Neuroimaging study suggests psychopathy is linked to fundamentally impaired mechanisms of attention

New brain imaging research provides evidence that psychopathy is associated with “fundamentally impaired mechanisms of attention.”

The study, published in Cognitive, Affective, & Behavioral Neuroscience, hints that the emotional deficits in psychopathy may be rooted in abnormalities in attentional processing.

“As a cognitive neuroscientist, I’m deeply interested in the way individual differences in the brain translate to the wide variation in human behavior that we see all around us,” said study author Nathaniel E. Anderson of The Nonprofit Mind Research Network and Lovelace Biomedical and Environmental Research Institute.

“Psychopathic individuals represent an extreme example of this, since they show impairments in very basic aspects of cognition that scale up to profound deficits in things like moral decision-making and socially acceptable behavior.

“Also, partly due to portrayals in popular media, I see psychopathy as a wildly misunderstood corner of mental health research,” Anderson told PsyPost. “The public tends to view psychopaths as monsters and lost causes. I want to encourage the recognition that this is a serious mental health condition that can be addressed with the same tools we use to study things like schizophrenia, autism, and depression.”

The study used functional magnetic resonance imaging (fMRI) to examine the brain activity of 168 incarcerated adult males during an auditory oddball task.

During the task, participants listened to a series of noises that occurred one after the other. They were asked to click a button whenever they heard a particular high-pitched tone.

The researchers found that psychopathy was associated with abnormal activity in several brain regions involved in attention, including anterior temporal cortex, medial prefrontal cortex, dorsal anterior cingulate, temporoparietal junction, and posterior cingulate cortex.

These regions are part of the default mode network, which is involved in the functions of a resting brain state.

“The basic message is pretty simple. Psychopathic traits are commonly attributed to deficits in emotional processes that lead to the severe consequences in judgement and behavior,” Anderson explained.

“What this study shows is that there may be even more fundamental processes that are impaired – specifically, the way the brain encodes differences between what is important and what is not, even without emotional content involved – and this has more to do with attention.”

“The reason emotional processing might be impaired in psychopaths to begin with, is because a psychopathic brain doesn’t attend to emotional information in the same way a healthy brain does, so it’s not integrated strongly into more complex processes like decision-making.”

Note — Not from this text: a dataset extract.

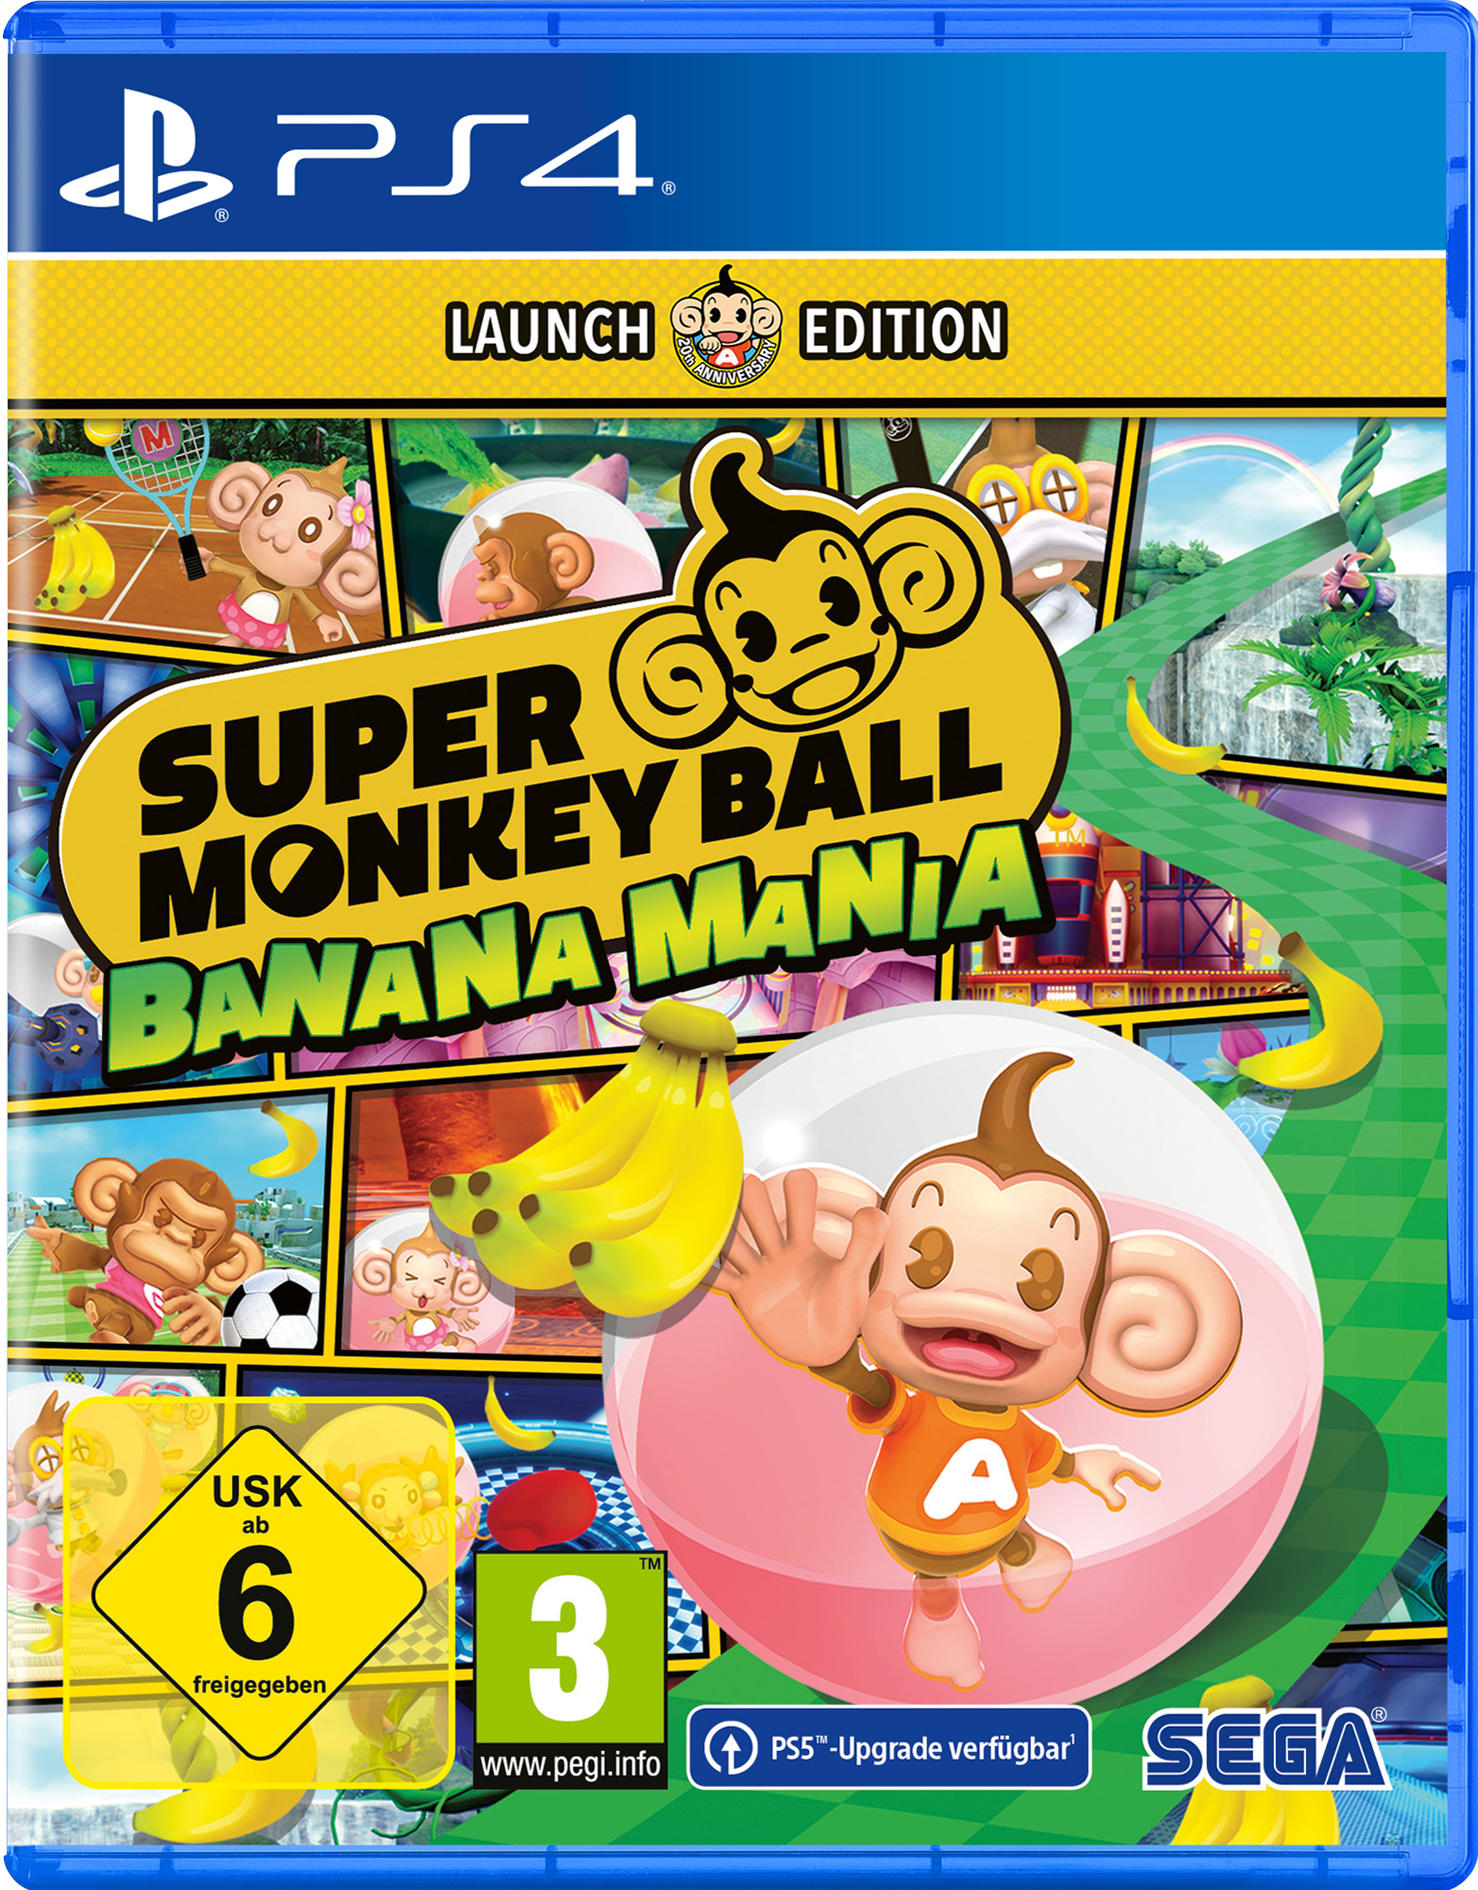 EDITION [PlayStation PS4 4] BALL SUPER BANANA - MONKEY MANIALAUNCH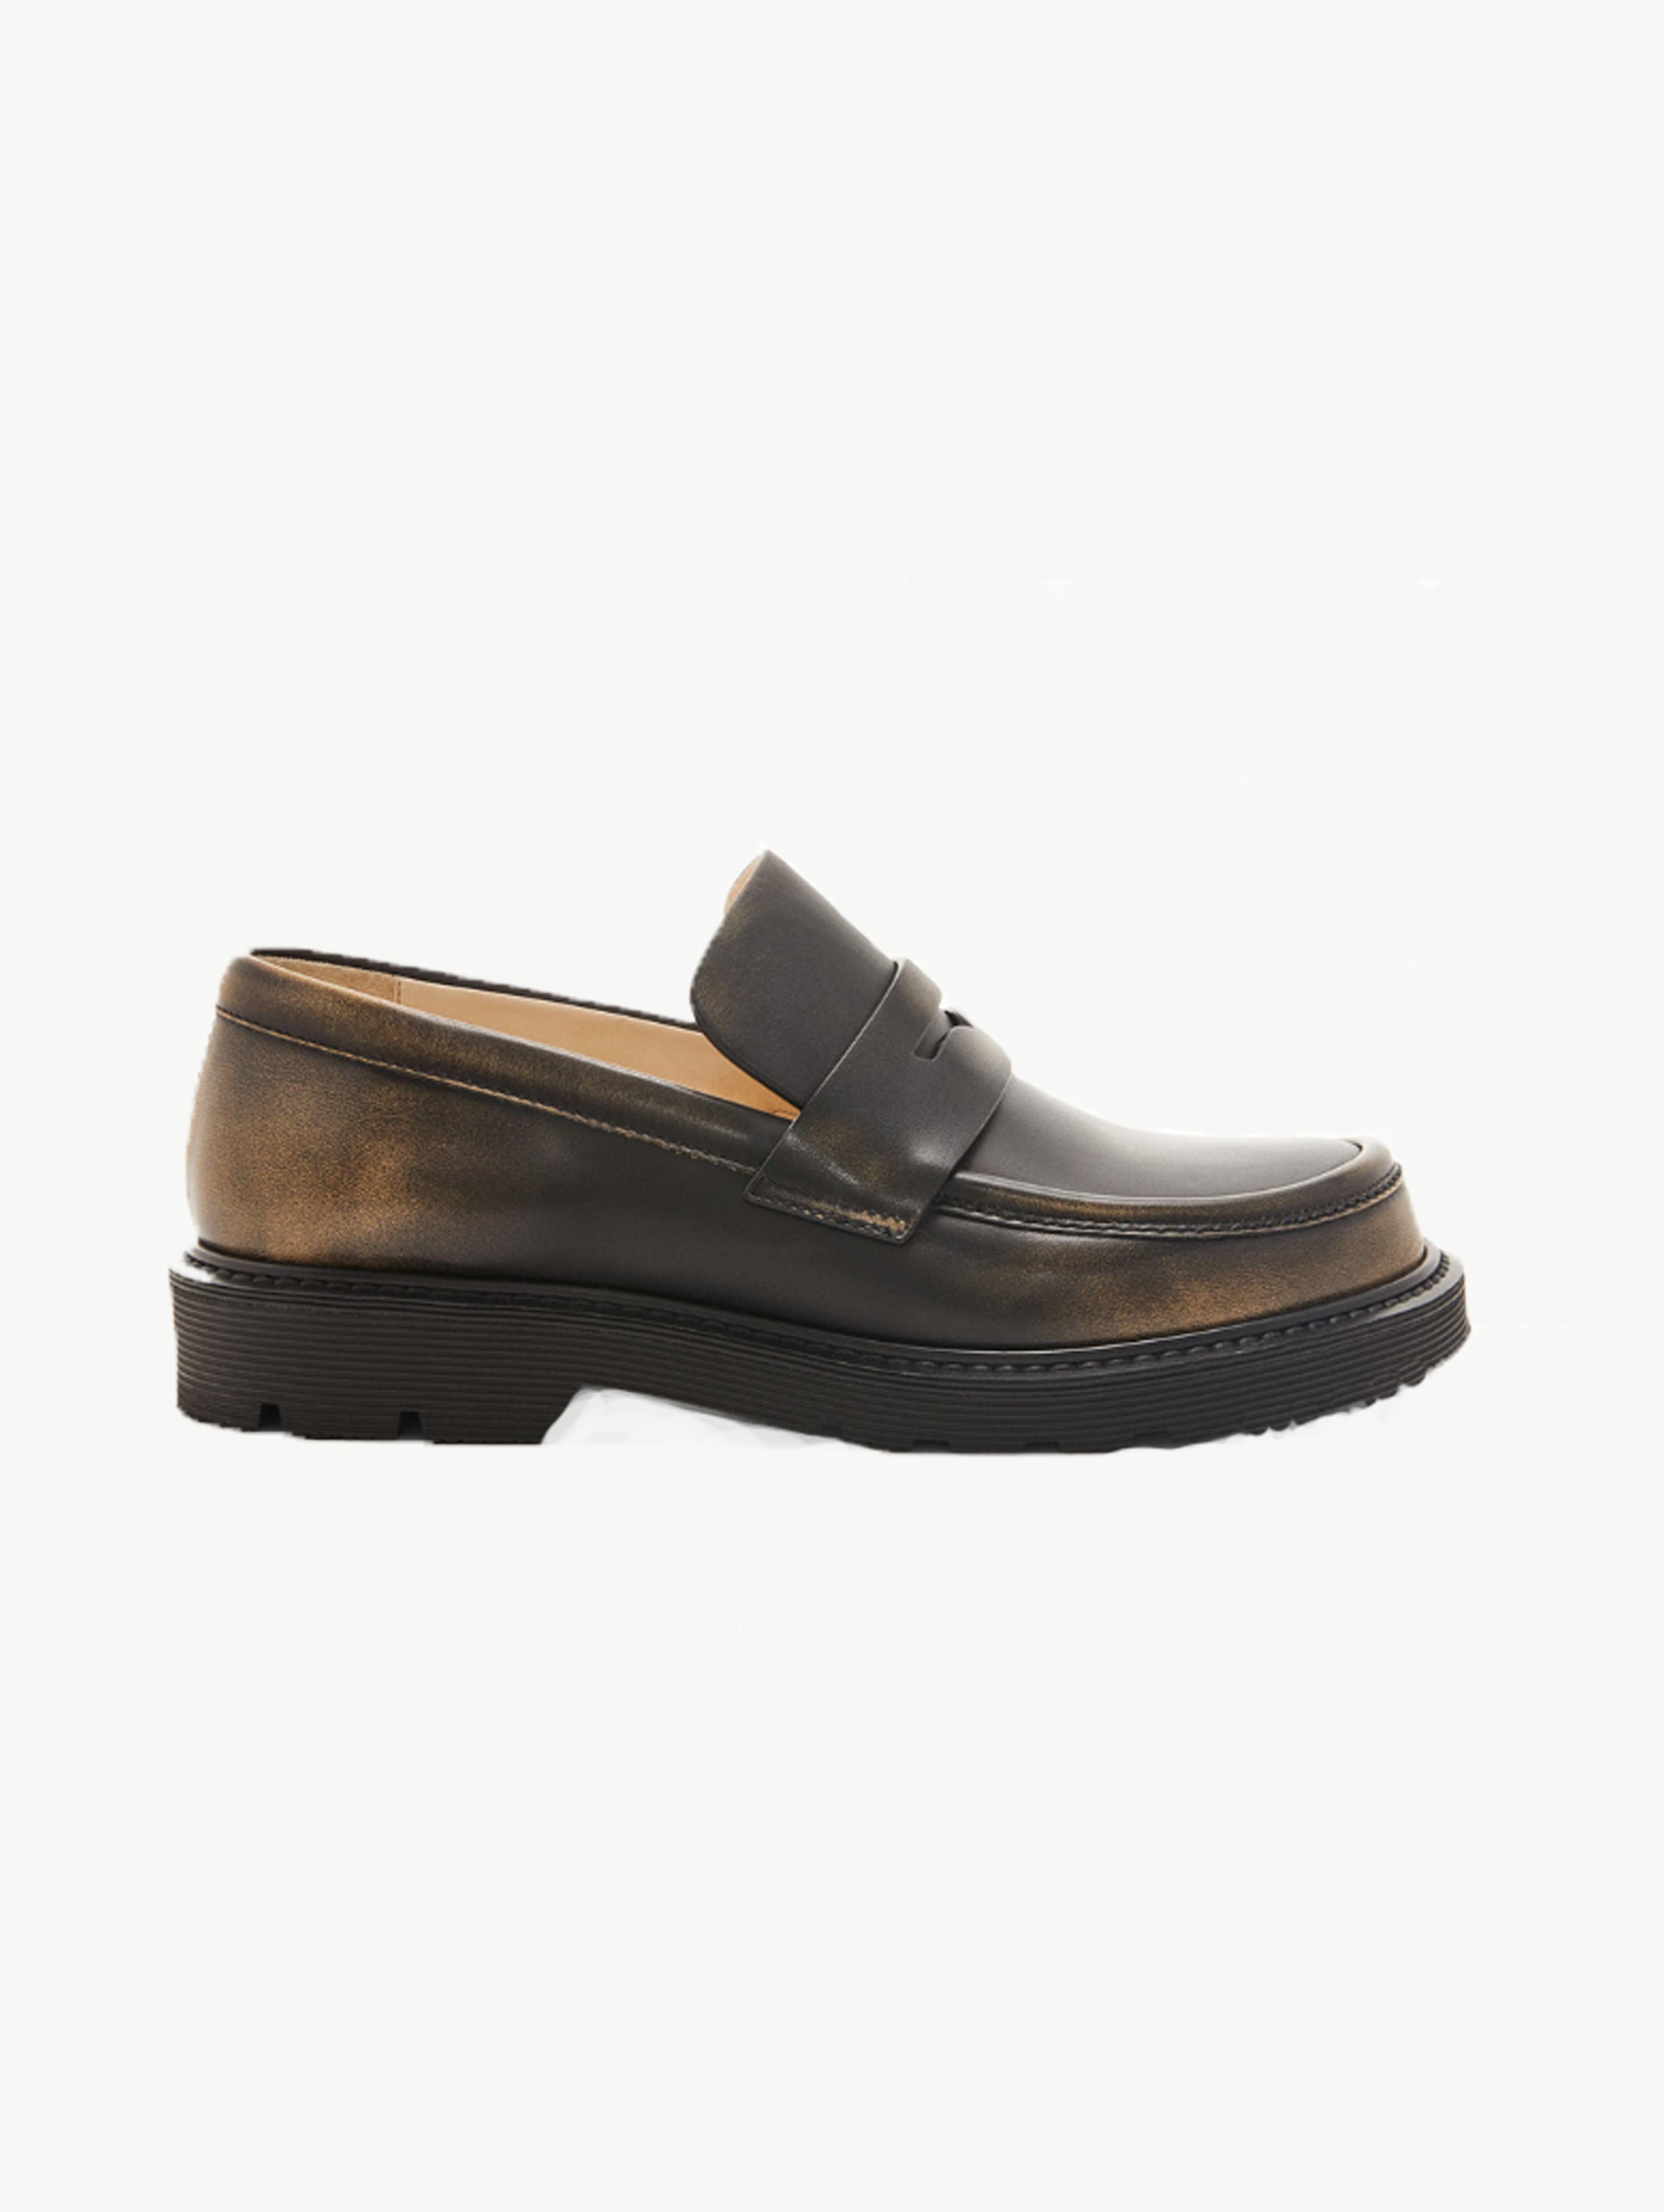 Blaze bi-colour leather penny loafers

The study — like all research — includes some limitations.

“Every research project like this is designed, by nature, to address a very limited question,” Anderson told PsyPost. “For instance, this study looks at only one relatively simple attention task (a target detection task), using one method of brain measurement (functional MRI), among a limited population (adult male inmates).”

“Replication requires extending this to other related attention tasks, other imaging techniques, and other populations. It would be interesting, for instance, to see if these findings are also apparent in younger kids with psychopathic traits, which would suggest it’s an early developmental feature of psychopathy – and thus amenable to early intervention.”

“I’m grateful when research like this gets attention from a public audience,” Anderson added. “I think we’re turning a corner in society, and we’re more able to recognize how the brain is an essential element of our best and worst behaviors.”

“We have a history of attributing supernatural labels to things we don’t understand. Thinking of psychopaths as ‘evil’ is an example of this, promoting a misconception that their attributes are impenetrable for science.”

“As a consequence, the behaviors and traits that we would most benefit from preventing and treating go unattended,” Anderson said.” People with psychopathic traits are unfortunately among the most neglected by one of society’s best tools: scientific research.”

The study, “Psychopathic traits associated with abnormal hemodynamic activity in salience and default mode networks during auditory oddball task“, was authored by Nathaniel E. Anderson, J. Michael Maurer, Vaughn R. Steele, and Kent A. Kiehl.